§ DATA EXCERPT:
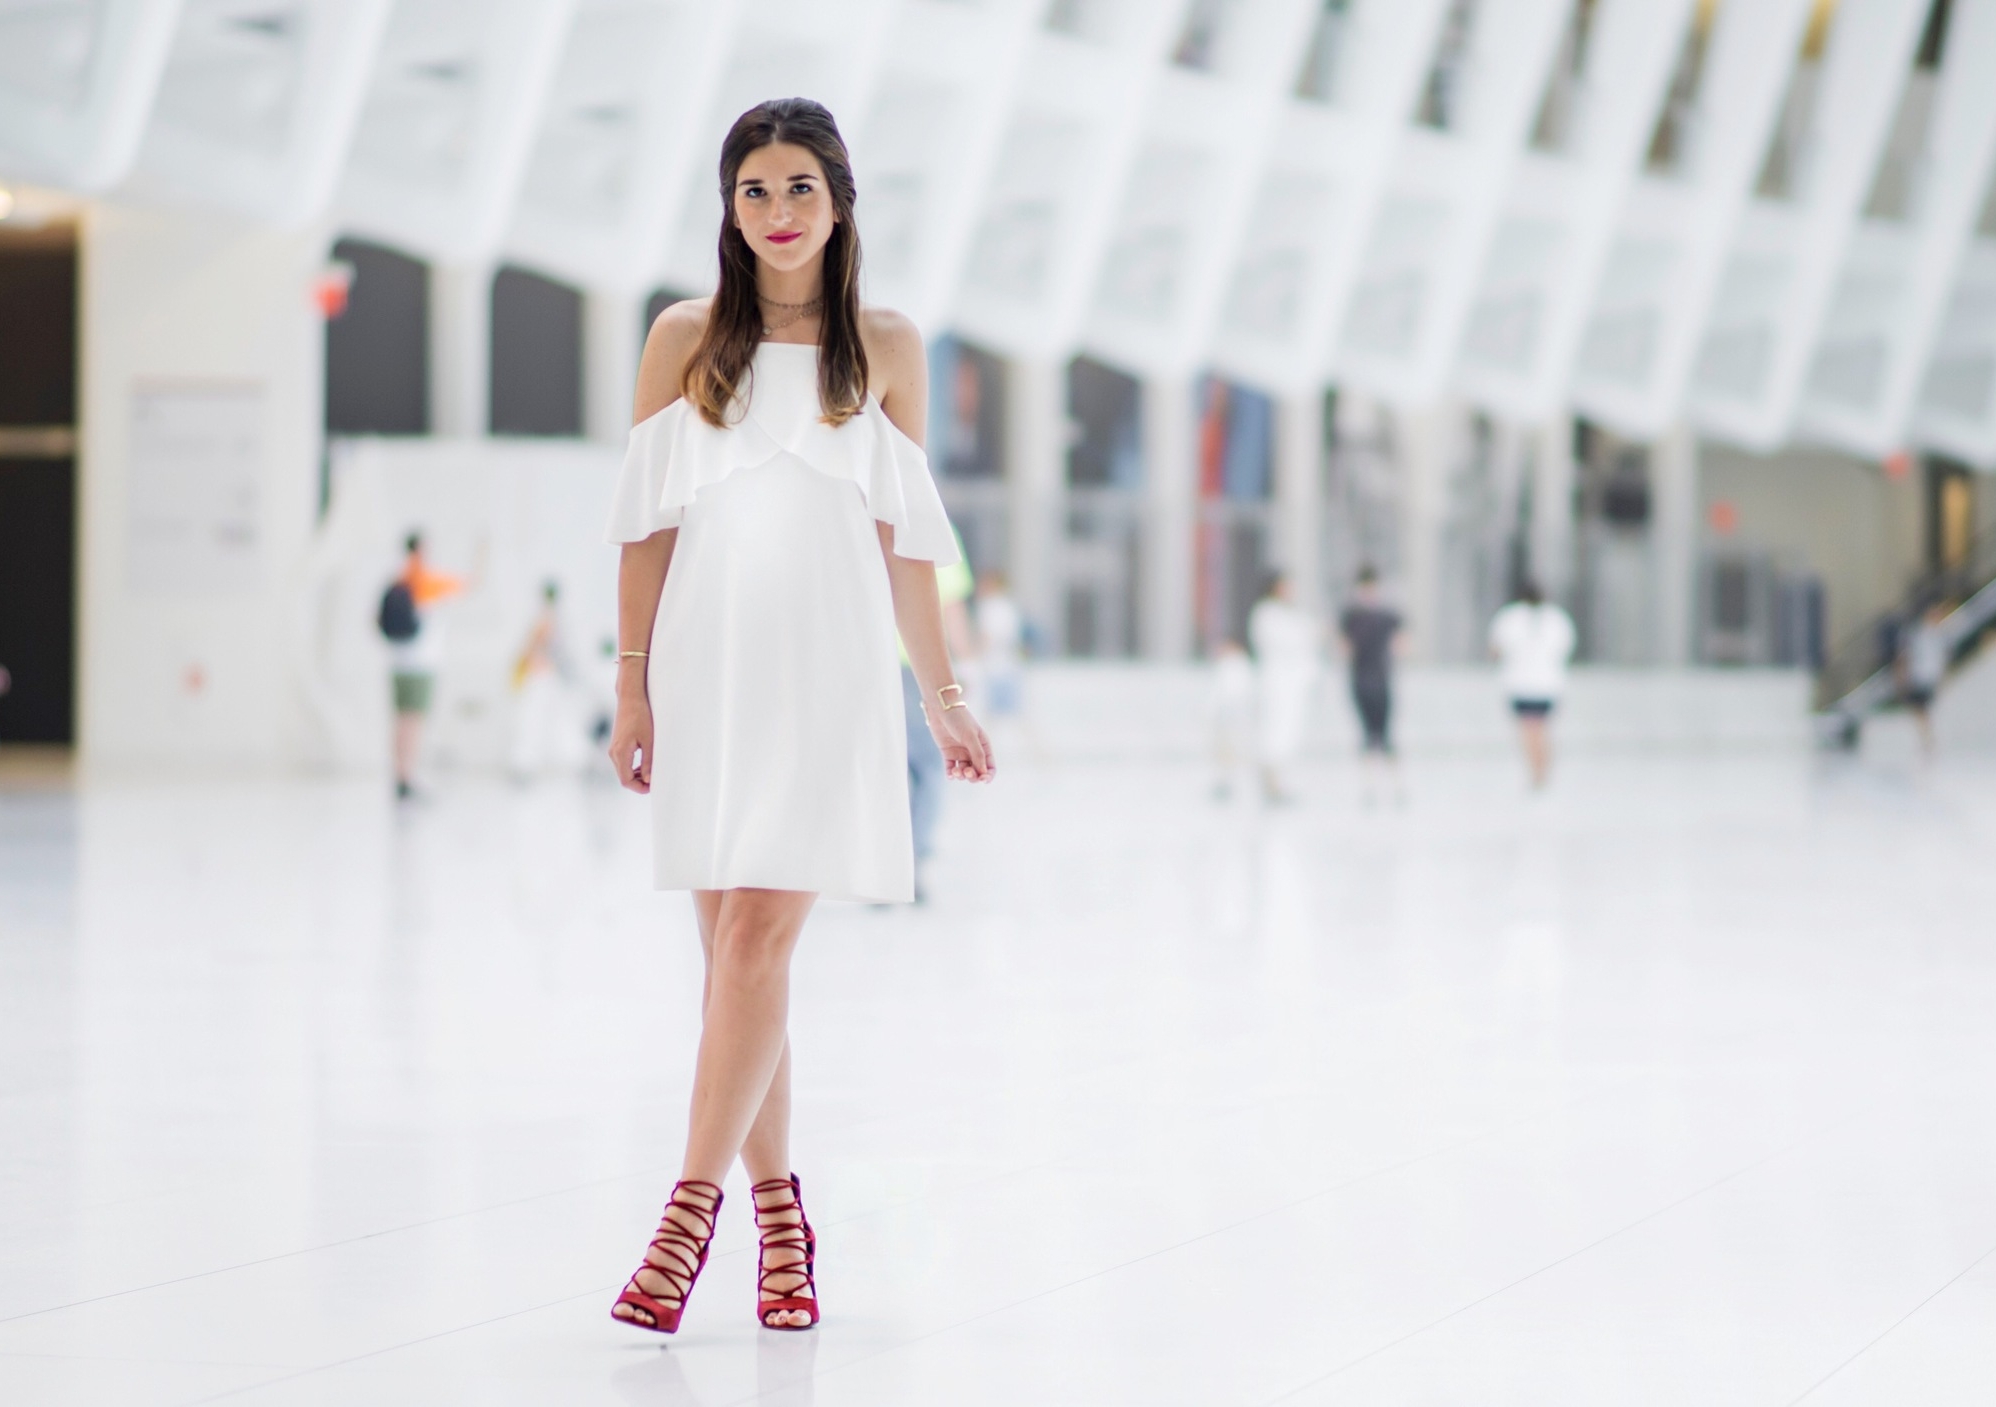 Cold Shoulder White Dress Red Heels Louboutins & Love Fashion Blog Esther Santer NYC Street Style Blogger Outfit OOTD Trendy French Connection Zara Beaded Chokers Jewelry Bloomingdale's Girl Women Shoes Pretty Gold Bracelet Hair Inspo Photoshoot Color.jpg
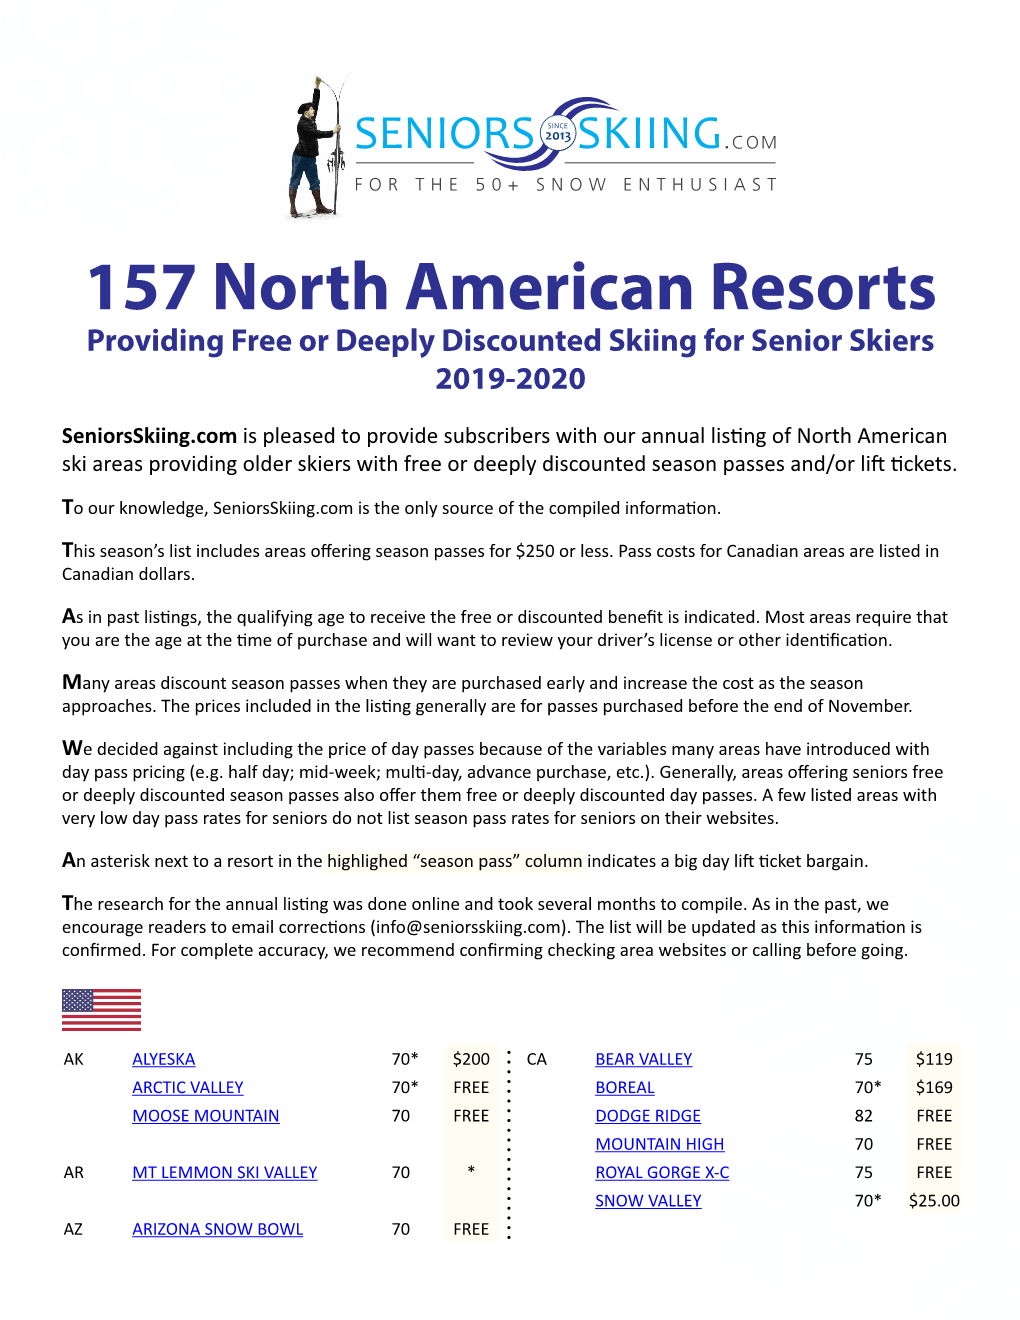 157 North American Resorts Providing Free Or Deeply Discounted Skiing for Senior Skiers 2019-2020
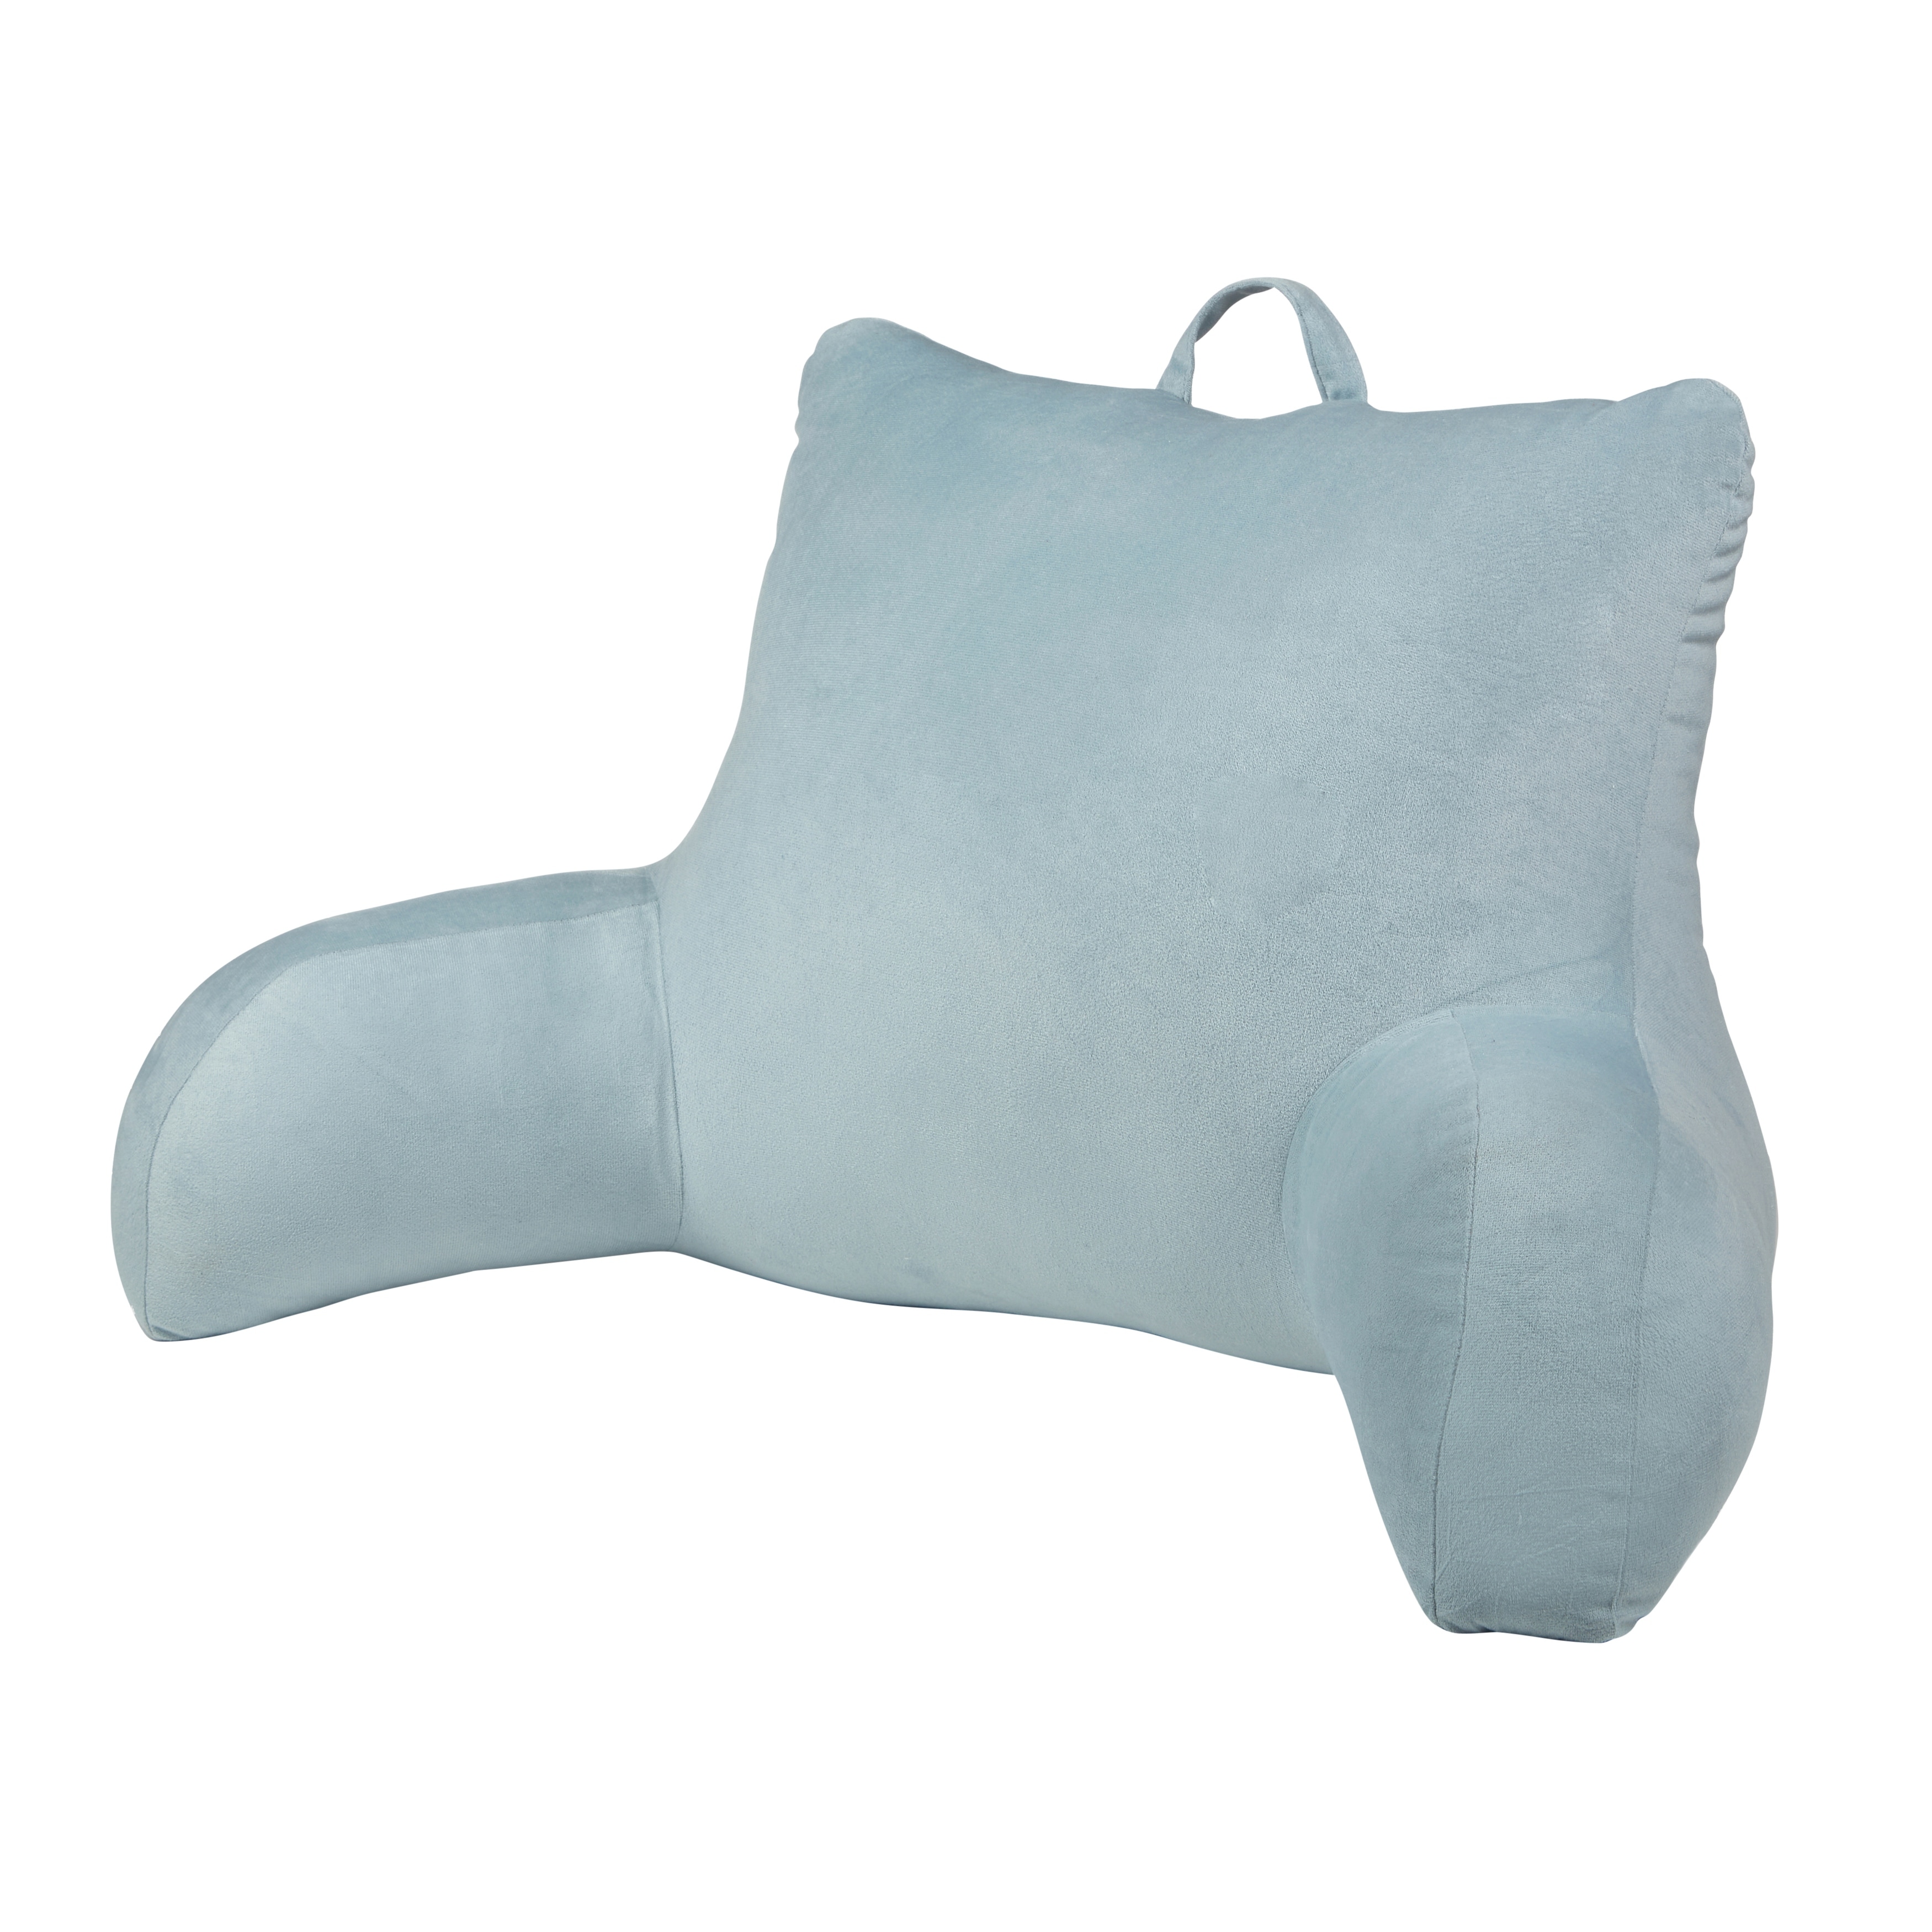 https://ak1.ostkcdn.com/images/products/is/images/direct/cb1d3b2bebe246c9bee6e7c4fa526a03076a2fc8/Klear-Vu-Velour-Bed-Rest-Back-Support-Pillow-with-Pocket-and-Handle.jpg

§ EXERCISE AIM:
Would you retype all the lines shown above, exactly as written and without any picture?

§ RESPONSE:
 Cold Shoulder White Dress Red Heels Louboutins & Love Fashion Blog Esther Santer NYC Street Style Blogger Outfit OOTD Trendy French Connection Zara Beaded Chokers Jewelry Bloomingdale's Girl Women Shoes Pretty Gold Bracelet Hair Inspo Photoshoot Color.jpg
 157 North American Resorts Providing Free Or Deeply Discounted Skiing for Senior Skiers 2019-2020
 https://ak1.ostkcdn.com/images/products/is/images/direct/cb1d3b2bebe246c9bee6e7c4fa526a03076a2fc8/Klear-Vu-Velour-Bed-Rest-Back-Support-Pillow-with-Pocket-and-Handle.jpg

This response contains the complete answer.